There are already many great community-led initiatives taking place across Leeds. Further collaboration and community involvement will be key to building on these initiatives as we move forwards. We will work together to identify new funding opportunities and learn from what has worked well.
Change our city environment to help make healthier food more available and appealing.
Our environment influences what we eat. There are many opportunities to improve our environment to make healthy eating easier and more accessible. For some of us, good food is less visible and might be harder to access. It is important that we all have opportunities to eat well and diversely in our daily lives. Healthy food options should be readily available and affordable wherever we live, work, study, and relax.
Organisations and businesses advertising, providing, or selling food have a role in promoting and offering affordable, healthy, and nutritious food more prominently—creating more demand for good food. Those buying, making, or serving food could adopt the best practice Government Buying Standards for Food to make their food healthier, higher quality, and more sustainable.

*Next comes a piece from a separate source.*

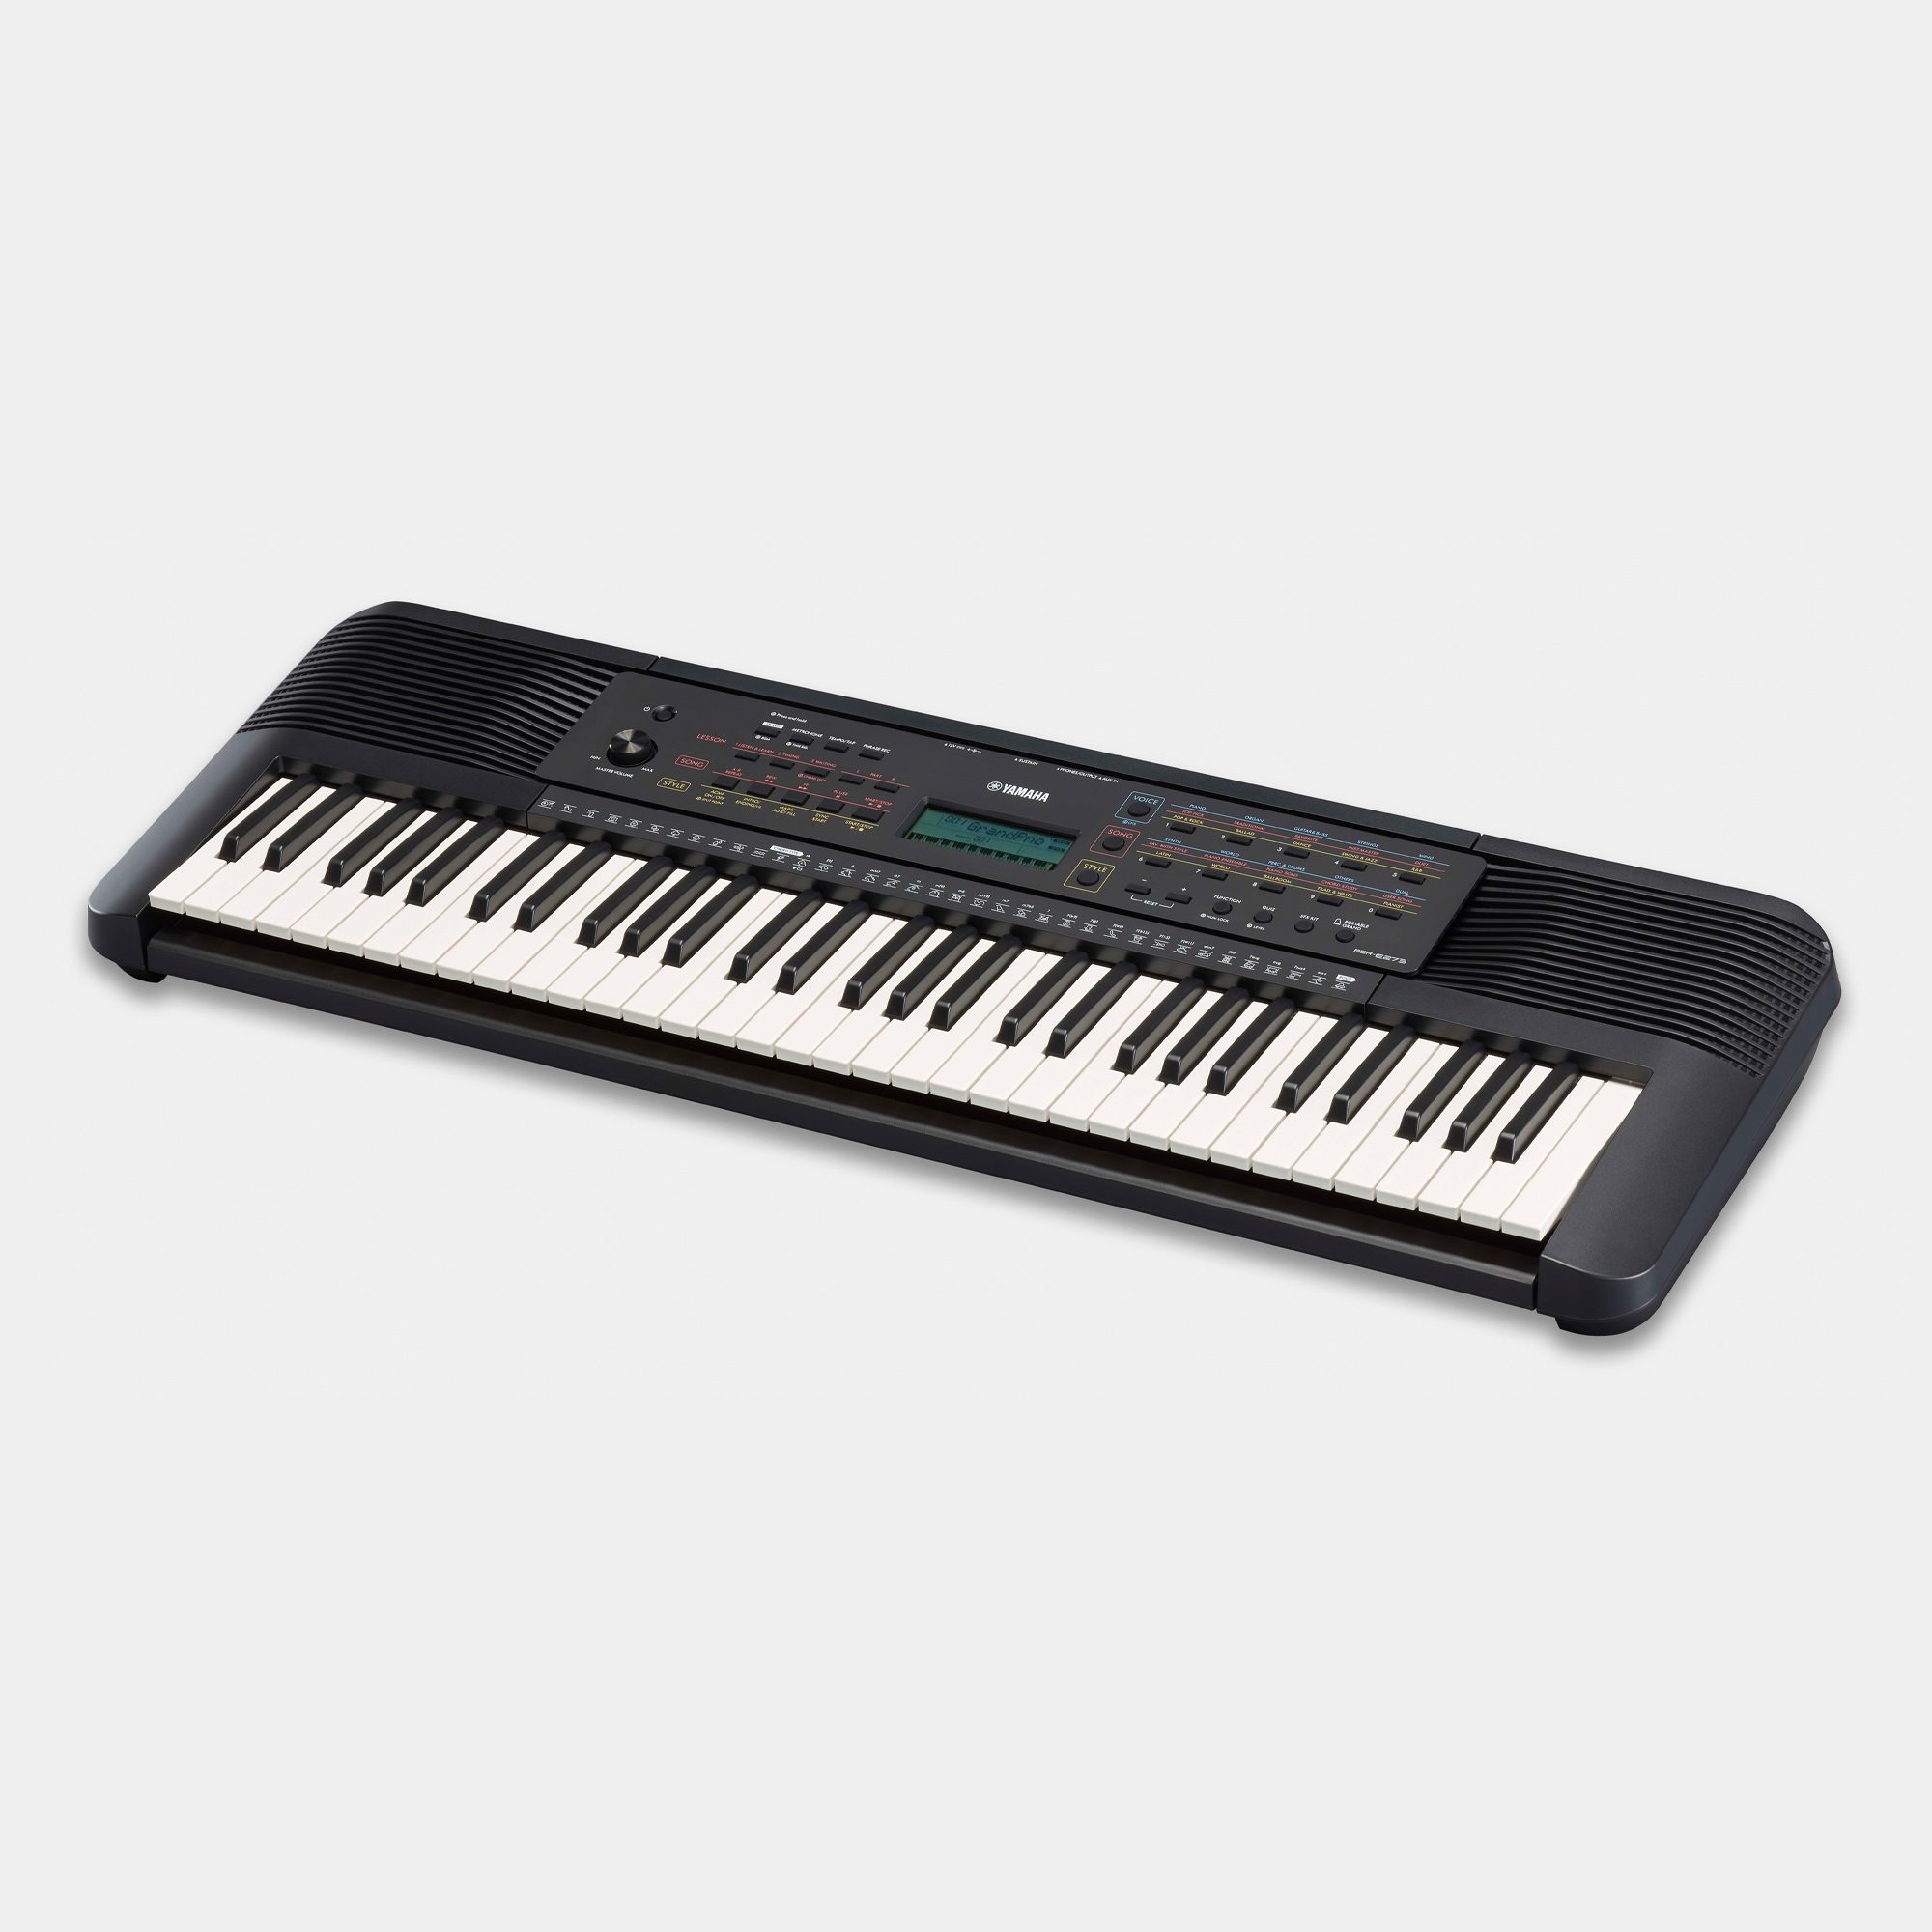 PSR-E273 - Overview - Portable Keyboards - Keyboard Instruments

Workplaces—where many of us spend a lot of our time—should also recognise their key role. In many workplaces, information and access to healthy food can be limited and this impacts people’s ability to consume a healthier diet.
Offer targeted support to those of us who are most at risk.
Healthy eating is important for everyone, but some of us are more at risk of developing health conditions and require additional support. Malnutrition is a major driver of diet-related health conditions including type 2 diabetes, cardiovascular disease (heart diseases), stroke, and some cancers. Living with these conditions can be life changing and lead to premature death. Managing them costs our NHS more than £6 billion per year.
We can reduce diet-related deaths, improve the quality of life for those diagnosed, and save NHS resources by offering targeted support to help people most likely to develop these diseases. These ‘at risk’ individuals include those experiencing food insecurity or who live in a more deprived area.
Develop a skilled local workforce who advocate for healthier eating.
Many organisations in Leeds already promote information on eating well, but this can sometimes be complex due to the variety of information sources available. We also need to ensure the wider influences on healthy eating such as culture, income, and environment are always considered and addressed.
By developing a local workforce with all the skills necessary to advocate for, promote, and support healthier eating, we can empower professionals to have an even greater impact.
We believe that workforce development should include providing consistent information and support which is tailored to their audience and appropriate for their role.
Training opportunities shouldn’t be provided in isolation. Workers should also be equipped to identify and support opportunities that influence behaviour such as changing the food environment where they work.